Практическая программа физиократов была в значительной степени проведена в жизнь французской революцией. Она была, следовательно, верным выражением потребностей времени.

Дальнейшее развитие школы свободной конкуренции вновь переносит нас в Англию, к эпохе деятельности Адама Смита.

Англия второй половины XVIII века была довольно развитой мануфактурно-капиталистической страной. Общественные отношения крупно-буржуазного строя выступали уже достаточно определённо и ярко и играли в жизни господствующую роль.

Таким образом, стало возможно довольно полное и точное, вообще – научное изображение самых основ капиталистической системы. Оно было выполнено Адамом Смитом, которого обыкновенно и называют отцом экономической науки. Это, в сущность, неправильно, и законнее было бы считать основателем экономической науки хотя бы Вильяма Петти, который дал ей прочную теоретическую основу, ясно высказавши, в общих чертах, учение о трудовой стоимости. Но обычное мнение вполне объясняется тем громадным влиянием, которое имели труды А. Смита на развитие экономической науки.

А. Смит является в значительной степени учеником физиократов: он был знаком с этим кружком, усвоил его идеи и направление. Но благоприятные общественные условия помогли Смиту отделаться от многих односторонностей учения физиократов. Теоретические промахи этой школы были навеяны экономической жизнью Франции; Смит же изучал английское общественное хозяйство, которое в своём развитии сильно опередило французское и вообще значительно от него отличалось.

Приёмы экономического исследования у Адама Смита по преимуществу дедуктивные. Он понимает, что в своей хозяйственной деятельности человек подчиняется только чувству личного интереса, а личный интерес для данной области жизни состоит в стремлении к возможно большему богатству. Исходя из этой мысли, он старается объяснить всю экономическую деятельность человека и общества.

Но для дедукции мало одного положения, что в хозяйственной сфере человек повинуется побуждениям экономического эгоизма.

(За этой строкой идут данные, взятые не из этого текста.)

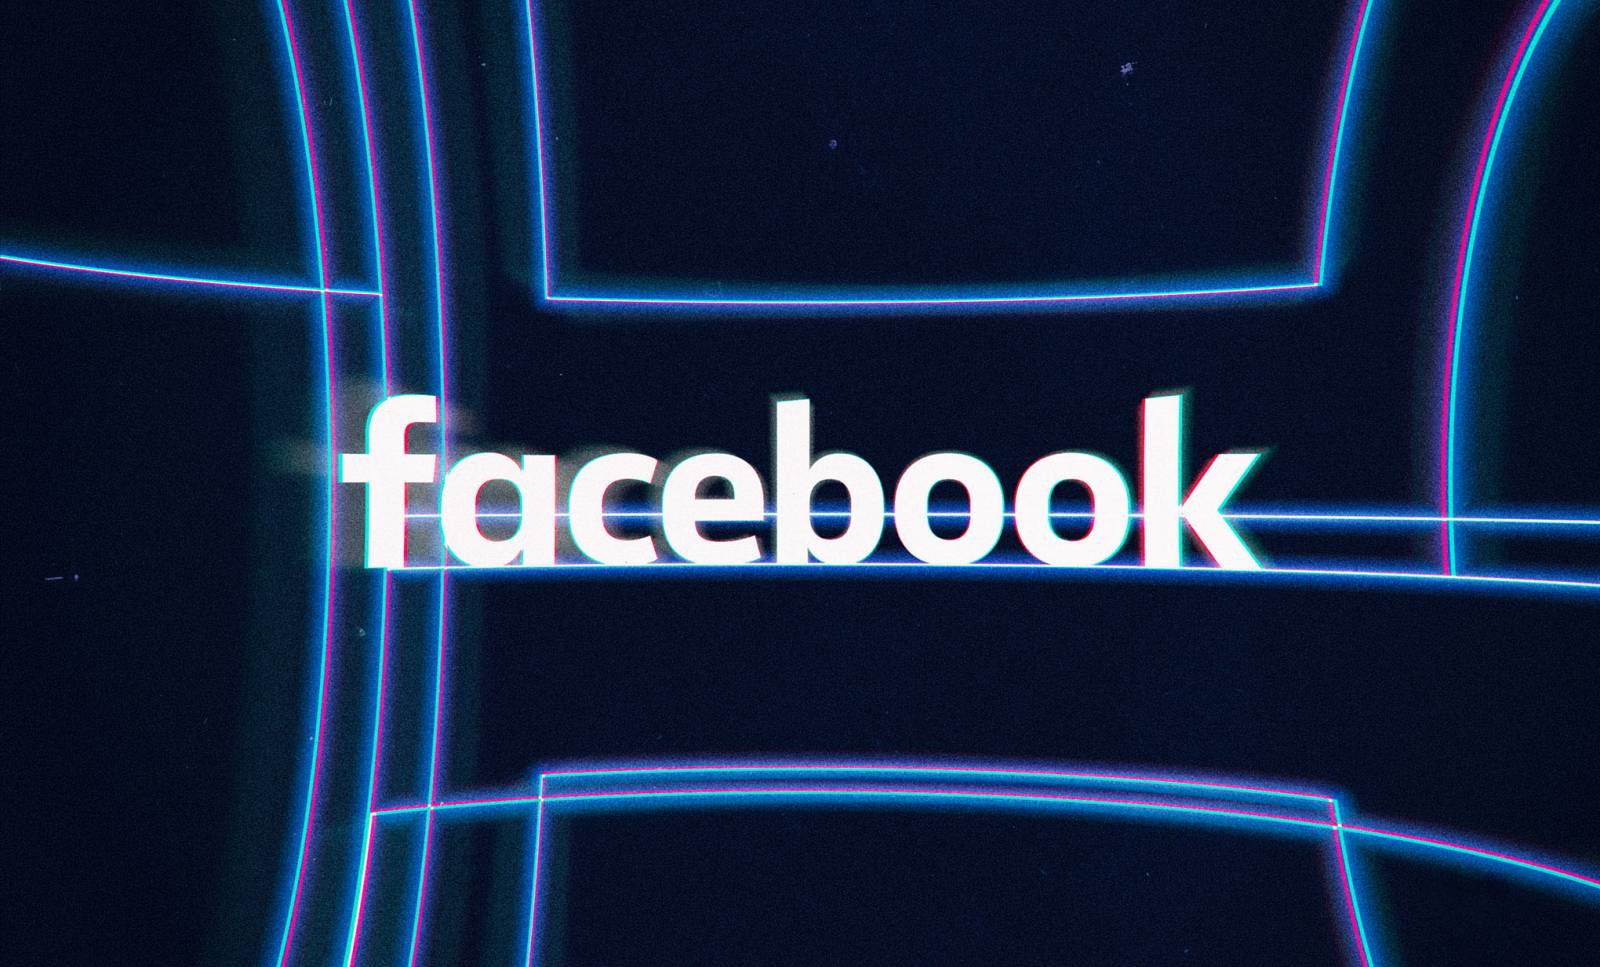 Nueva actualización de Facebook ofrecida hoy para teléfonos y tabletas

Надо ещё знать условия, при которых приходится человеку осуществлять свои эгоистические стремления. Для исследования А. Смит берёт в общих чертах те социально-экономические условия, которые в это время существовали в Англии, и рассматривает, как идёт, именно в таких условиях, экономическая деятельность человека.

Однако, А. Смит имеет в виду выяснить не частные законы жизни капиталистического общества на той ступени его развития, какую пережила Англия; он считает свои выводы выражением общих законов экономики, пишет общую политическую экономию («Богатство народов», 1776 год). Дело в том, что капиталистические отношения он считает единственно нормальными; об иных отношениях он либо вовсе не рассуждает, либо видит в них уклонения от нормы, результат незаконченного, несовершенного развития.

Богатство страны, по Смиту, это вся масса товаров страны. Такое понятие о богатстве применимо, очевидно, только к стране с товарным, меновым хозяйством; для натурально- хозяйственного общества, где продукты не бывают товарами, оно совершенно не подходит.

Единственный источник ценности и богатства, по учению Смита, есть труд, вообще всякий производительный труд. Впрочем, для Смита производительным является только труд, создающие материальные блага. Во всяком случае, Смит не впадает в узость физиократов, признававших производительным только земледельческий труд; во времена Смита в Англии промышленность обрабатывающая играла не менее важную роль в создании национального богатства, чем добывающая.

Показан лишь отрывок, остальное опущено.